We encountered a key limitation stemming from our strict inclusion criteria for data completeness. Of the 1,368 emergency department encounters reviewed, only 246 (18%) had sufficient documentation to allow for automated summarization. This required the presence of triage demographics, neurological examinations, provisional ICD-9 codes, and at least one finalized laboratory or imaging report. The exclusion of the remaining cases primarily reflects challenges in retrieving structured data from the electronic health record. We chose to exclude incomplete cases to ensure a fair comparison between the model-generated summaries and comprehensive human-written notes, as missing inputs would inherently bias the evaluation in favor of the human reports. As a result, our model is currently applicable only when complete data are available—a limitation that highlights a broader issue in real-world settings, where incomplete documentation is unfortunately common.

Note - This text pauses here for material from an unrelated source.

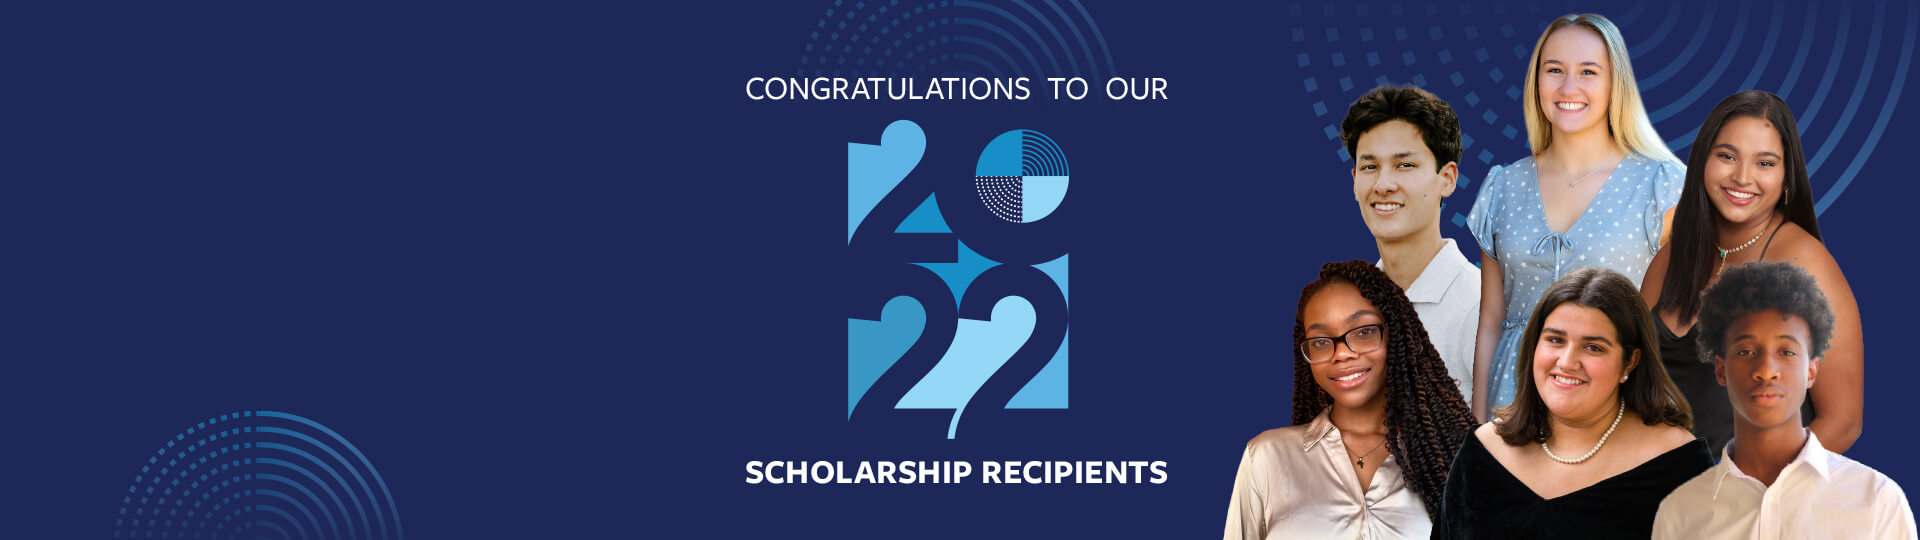 BCU 2022 scholarship winners announced

In conclusion, augmented medical report generation can support ER neurologists by generating preliminary report drafts, reducing documentation time, and enabling clinicians to focus more on direct patient care and personalized communication. By streamlining documentation, these tools have the potential to enhance both physician efficiency and the overall patient experience. Future research should prioritize real-world implementation and evaluate how AI-driven reporting impacts clinical decision-making, workflow, and patient outcomes.

Ethics declarations

The authors declare no conflict of interest. All methods were carried out in accordance with relevant guidelines and regulations.